Ver as pessoas vivendo uma vida absolutamente normal em conjunto é tão chato quanto ver alguém fazendo o mesmo sozinho. A aposta aqui é mostrar como a experiência é algo mais do que uma extravagância gratuita para servir de base para o roteiro. “Kollektivet” convida quem assiste para fazer parte dos eventos daquela grande casa, não apenas presenciá-los. Vivenciar os altos e baixos de uma vida em comunidade é a alma do negócio, algo que remete muito à popular idéia de querer morar perto dos amigos e nunca perder contato. Vale dizer que nostalgia não é exatamente algo explorado pelo roteiro, mas acredito que a vida em comunidade fale por si.
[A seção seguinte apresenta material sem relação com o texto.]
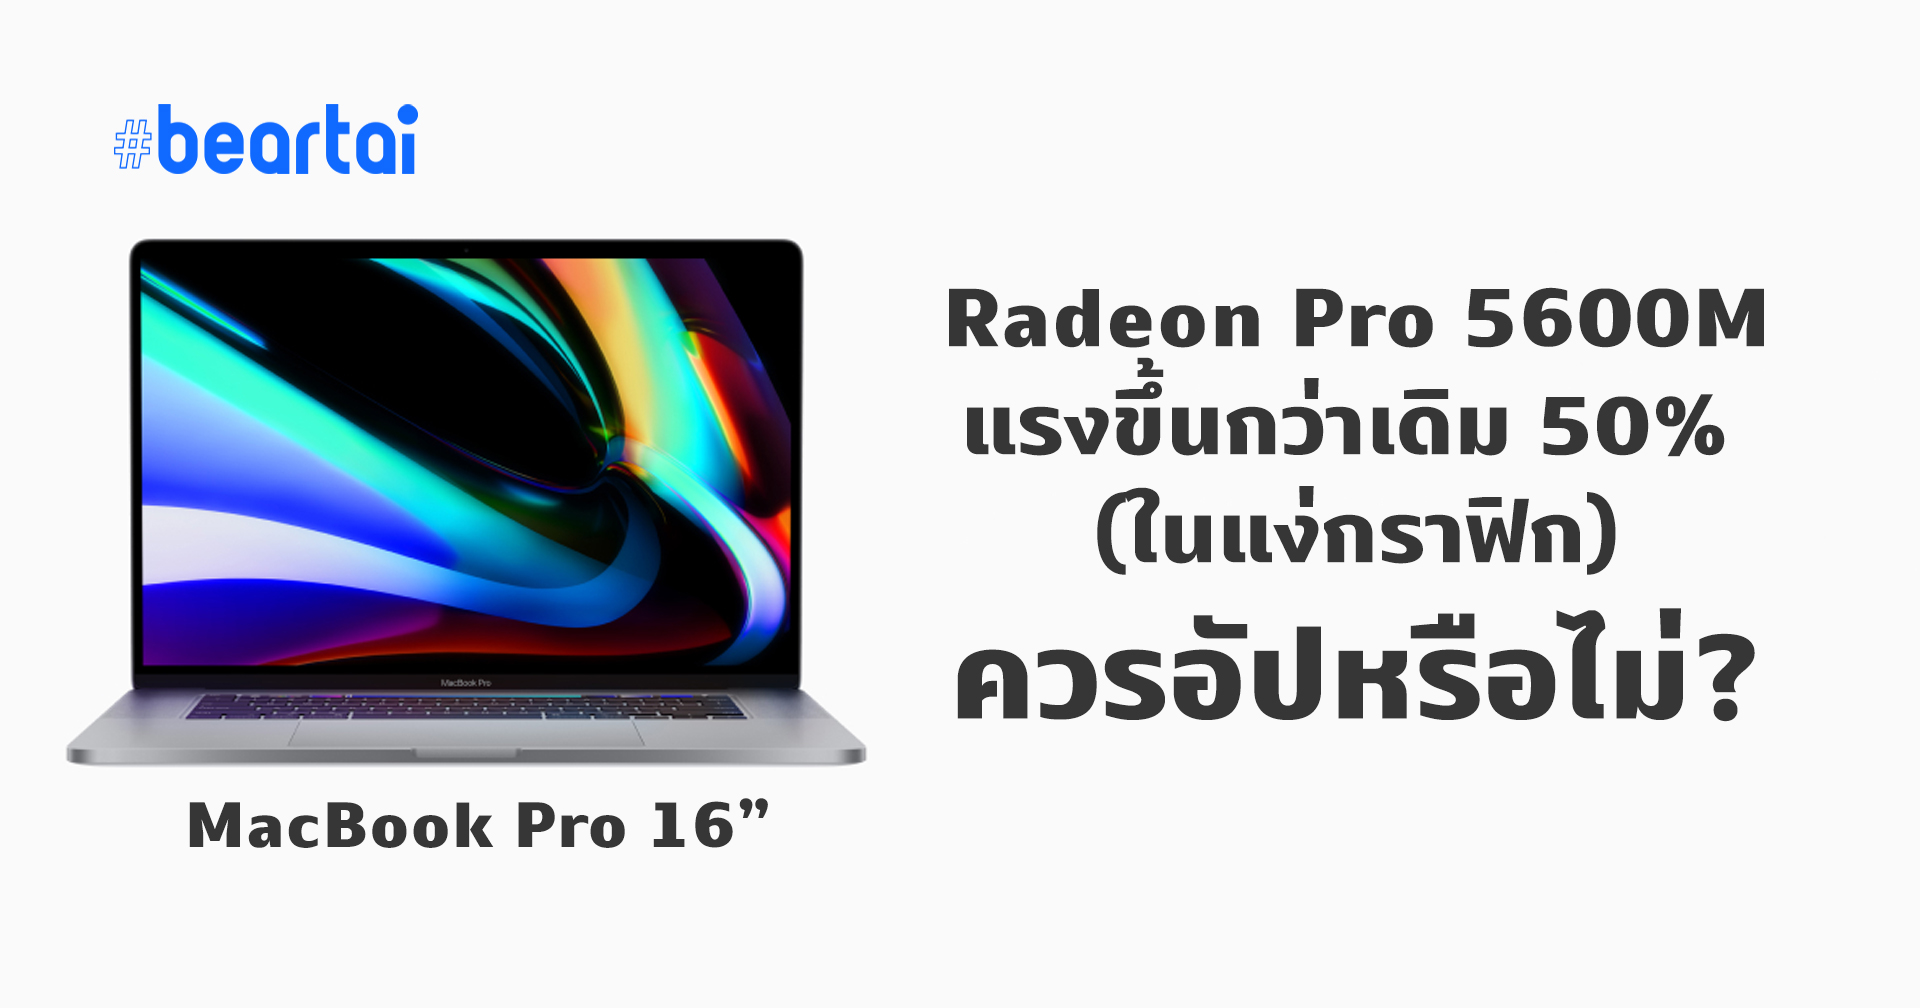 AMD Radeon Pro 5600M ใน MacBook Pro 16″ แรงกว่ารุ่นพื้นฐาน ถึง 50% ควรหรือไม่ควรอัปเกรด มาดู!

Quando crianças, há o medo de perder contato com os amigos caso estes mudem de escola; a adolescência tem a transição entre ensino médio e faculdade; e, finalmente, adultos costumam sumir quando cada um segue seus próprios interesses. Independente da fase da vida há sempre a tendência ou desejo por união. Consciente disso, Thomas Vinterberg não toma lados e mostra uma experiência equilibrada de êxtase num lado e melancolia do outro; efetivamente uma visão moderada, ainda que claramente ficcional, de como seria a vida naquelas circunstâncias. Afinal de contas, romantizar o sonho de viver com os amigos já passou pela cabeça de todos em algum momento, não precisa de um filme para martelar a idéia.
Ainda que triste por muitos dos filmes do festival não serem tão bons quanto “Kollektivet”, fico extremamente contente por ele estar lá, em primeiro lugar. Enquanto muitas das obras exibidas mostram técnicas e artifícios diferentes numa tentativa de inovar a sétima arte — frequentemente falhando em criar bons resultados — é interessante ver como um roteiro direto ao ponto como este permanece como um dos pontos altos do evento. E melhor, ele tem sua porção de mudanças da dita norma padrão. Dizer que é mais do mesmo simplesmente não se aplica.